One limitation that must be overcome is that coatings contain
trapped air that can impede loading with drug loading solvents.
This limitation can be overcome using specialized vacuum and/or
pressure loading techniques during, following, and preceding
introduction of the solvent containing the therapeutic agent. One
may also replace the gas within the coating prior to the loading
process with one that has high solubility in the loading solvent
thus facilitating gas removal by diffusion processes and/or use
solvents that have high solubility with air. For example, one may
use nitrogen or C0.sub.2 gas that have higher solubilities than air
in many hydrophobic and hydrophic solvents compatible with loading
therapeutic agents.
[0085] Solvents used in the loading process must also have
appropriate viscosities and wetting properties to allow their
penetration deep into the nanoporous coating, but also appropriate
vapor pressures to enable effective elimination of solvents after
loading to ensure biocompatibility, drug stability, rewetting with
body fluids, and/or appropriate elution of the therapeutic agent.

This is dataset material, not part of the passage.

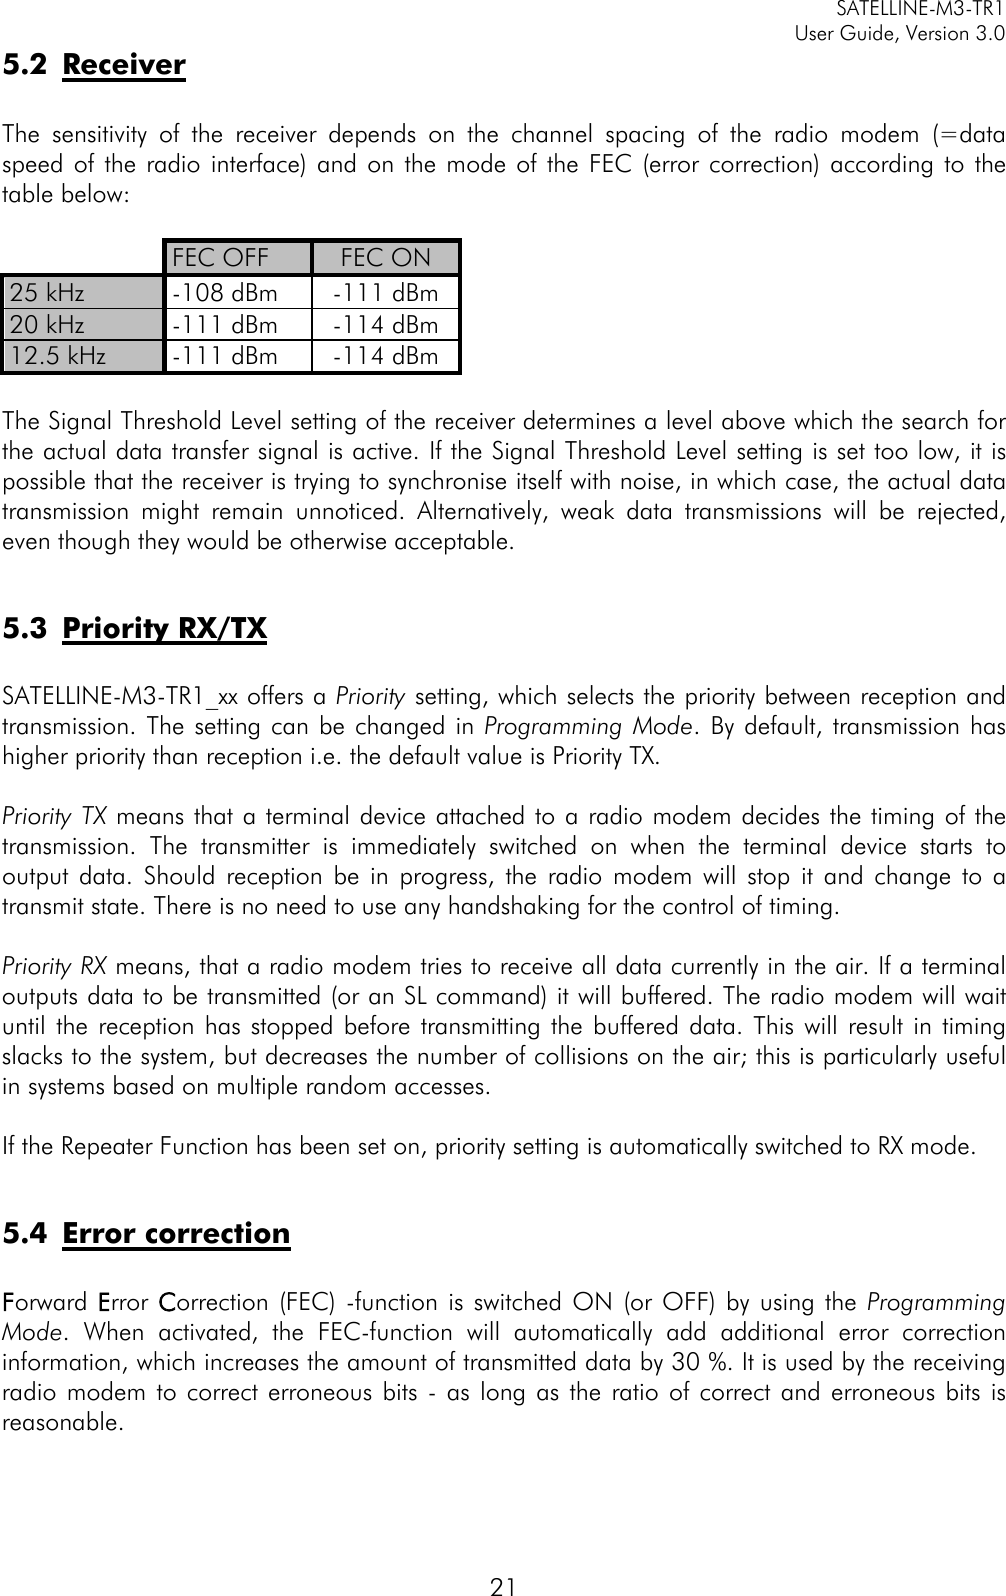     SATELLINE-M3-TR1     User Guide, Version 3.0  21 5.2 Receiver  The sensitivity of the receiver depends on the channel spacing of the radio modem (=data speed of the radio interface) and on the mode of the FEC (error correction) according to the table below:   FEC OFF FEC ON 25 kHz -108 dBm -111 dBm 20 kHz -111 dBm -114 dBm 12.5 kHz -111 dBm -114 dBm  The Signal Threshold Level setting of the receiver determines a level above which the search for the actual data transfer signal is active. If the Signal Threshold Level setting is set too low, it is possible that the receiver is trying to synchronise itself with noise, in which case, the actual data transmission might remain unnoticed. Alternatively, weak data transmissions will be rejected, even though they would be otherwise acceptable.   5.3 Priority RX/TX  SATELLINE-M3-TR1_xx offers a Priority setting, which selects the priority between reception and transmission. The setting can be changed in Programming Mode. By default, transmission has higher priority than reception i.e. the default value is Priority TX.    Priority TX means that a terminal device attached to a radio modem decides the timing of the transmission. The transmitter is immediately switched on when the terminal device starts to output data. Should reception be in progress, the radio modem will stop it and change to a transmit state. There is no need to use any handshaking for the control of timing.   Priority RX means, that a radio modem tries to receive all data currently in the air. If a terminal outputs data to be transmitted (or an SL command) it will buffered. The radio modem will wait until the reception has stopped before transmitting the buffered data. This will result in timing slacks to the system, but decreases the number of collisions on the air; this is particularly useful in systems based on multiple random accesses.  If the Repeater Function has been set on, priority setting is automatically switched to RX mode.  5.4 Error correction  Forward Error Correction (FEC)  -function is switched ON (or OFF) by using the Programming Mode. When activated, the FEC-function will automatically add additional error correction information, which increases the amount of transmitted data by 30 %. It is used by the receiving radio modem to correct erroneous bits - as long as the ratio of correct and erroneous bits is reasonable.

Several unique methods have been identified that overcome these
limitations.
[0086] One method is to simply dip the coated biomedical device
into the solvent containing the therapeutic agent but using
solvents with appropriate solubility properties, vapor pressures,
viscosity, and wetting properties to achieve appropriate loading of
the coating. One embodiment would be to use ethanol for loading
rapamycin or rapamycin analog. Another embodiment is to use graded
concentrations of ethanol, other solvents, or co-solvents that have
different solubility properties for the therapeutic agent to
provide a wide range of concentrations for loading. Following
loading, the biomedical device can then be subjected to controlled
washes or other specialized processing steps (see below) and
subsequently air dried or dried under controlled vacuum for storage
prior to subsequent manufacturing processes including
sterilization, and packaging. This method is most applicable to
thin coatings (e.g. <1 micron) but may also be used for
depositing therapeutic agents selectively on and within the upper
layers of thicker coatings (>1 micron).
[0087] Another method that may be desirable for loading thicker
coatings includes performing loadings under controlled vacuum
(subatmospheric) pressures. This includes use of both constant
vacuum and with stepped or ramped changes. In some embodiments of
vacuum loading, it is beneficial to optimize vacuum pressures
relative to solvent vapor pressures. For example, one can load
rapamycin in ethanol, acetone, methanol, benzyl alcohol, DMSO or
other solvent with high rapamycin solubility under vacuum pressures
that just exceed the vapor pressure of the solvent in question.
Following loading for varying times from 1 minute to 30 days or
more depending on the coating thickness, the solvent can be removed
by air drying or drying under vacuum pressures exceeding the vapor
pressure of the solvent in question.
[0088] For example, in the case of ethanol, vacuum loading is
typically done at 60 torr or a pressure that exceeds the vapor
pressure of 100% ethanol that is approximately 45-50 torr at room
temperature. Following loading, the samples are then subjected to
procedures to control the amount of surface deposition of
therapeutic agent (see below), and either air dried or dried under
vacuum pressures lower than the vapor pressure of water, and/or
increased temperature to ensure effective elimination of the
solvent. One may also perform the loading process at reduced
temperature to lower the solvent vapor pressure, thus allowing use
of lower vacuum pressures to facilitate more effective removal of
air and replacement with the loading solution. That is, one can
reduce the loading temperature to just above the freezing point of
the solvent to enable use of the lowest vacuum pressure
possible.
[0089] An additional method which is a modification of the
preceding is to load in one solvent as described, and to then
remove the device and place in a second solvent with lower
solubility for the therapeutic agent (with or without vacuum)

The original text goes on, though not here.